## Task
Transcribe only the lines of the listing below from the one holding "Odjeća Muškarci" through the one holding "GRAUBÜNDEN -Huber, C[aspar].Album", inclusive, without any change.

## Information shown
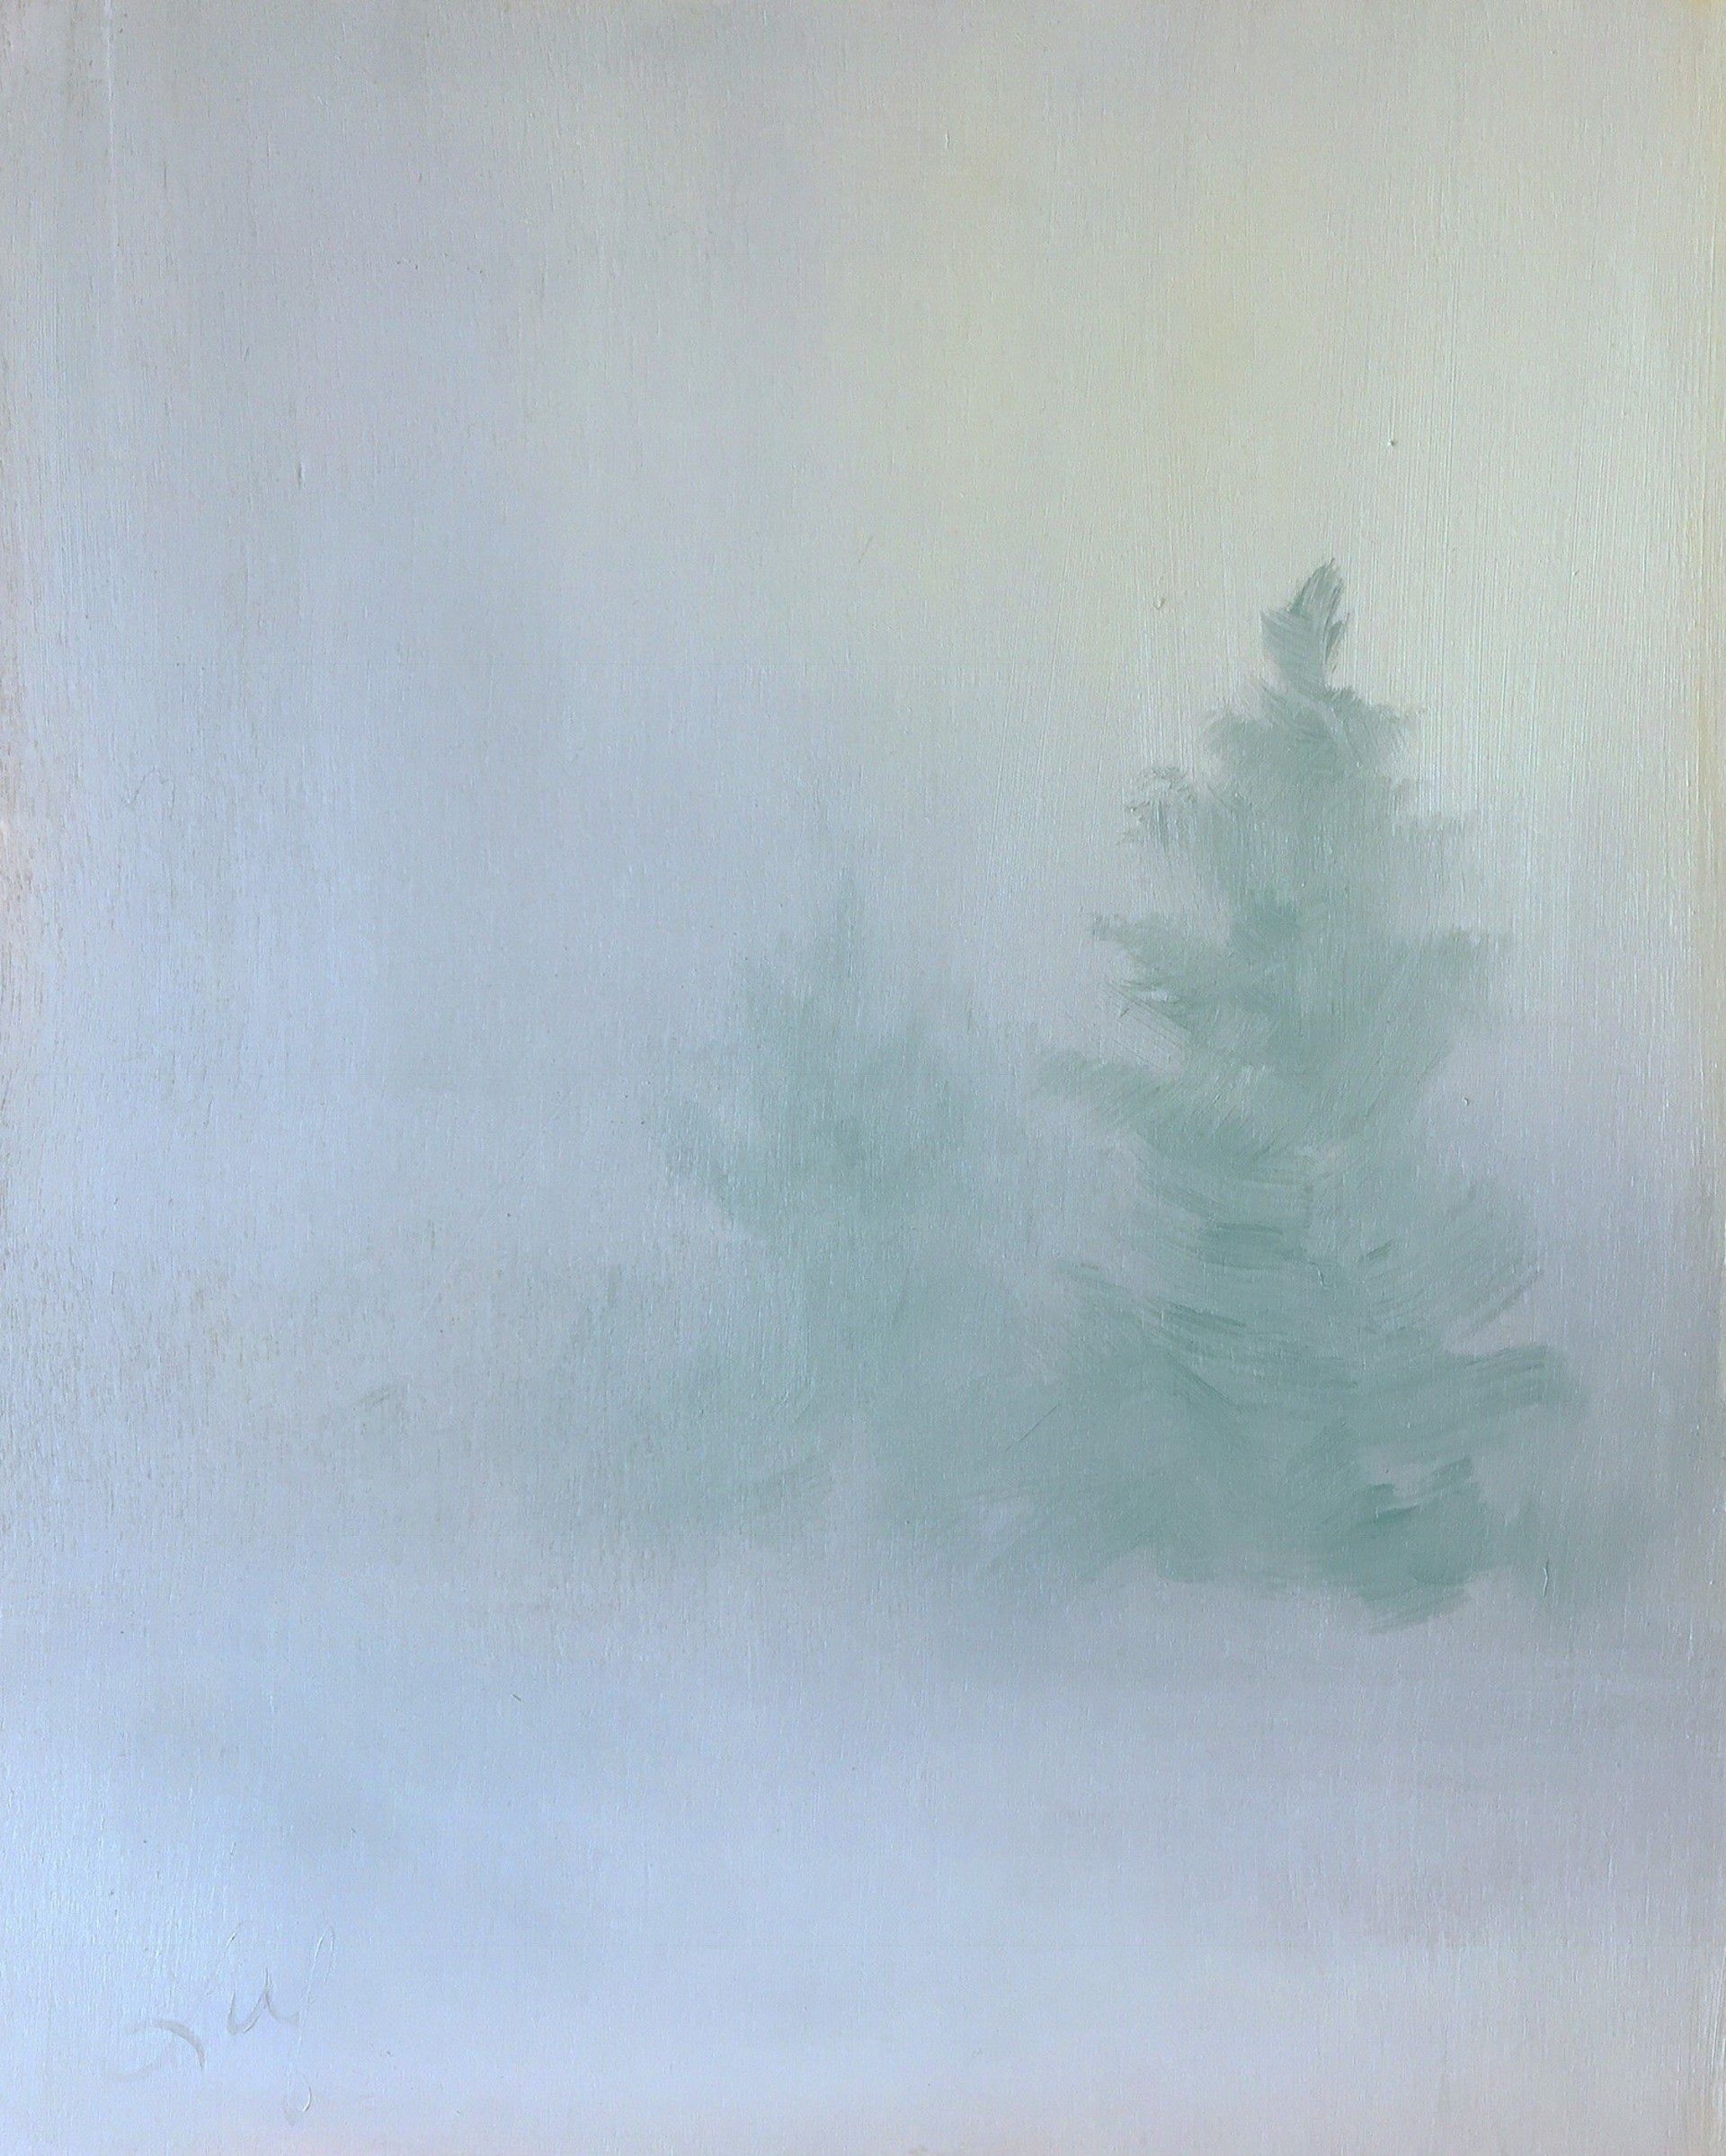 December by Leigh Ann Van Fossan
---
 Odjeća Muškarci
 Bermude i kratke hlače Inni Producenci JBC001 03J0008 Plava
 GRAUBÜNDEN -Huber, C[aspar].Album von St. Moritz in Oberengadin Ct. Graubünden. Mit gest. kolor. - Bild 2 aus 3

## Solution
 Odjeća Muškarci
 Bermude i kratke hlače Inni Producenci JBC001 03J0008 Plava
 GRAUBÜNDEN -Huber, C[aspar].Album von St. Moritz in Oberengadin Ct. Graubünden. Mit gest. kolor. - Bild 2 aus 3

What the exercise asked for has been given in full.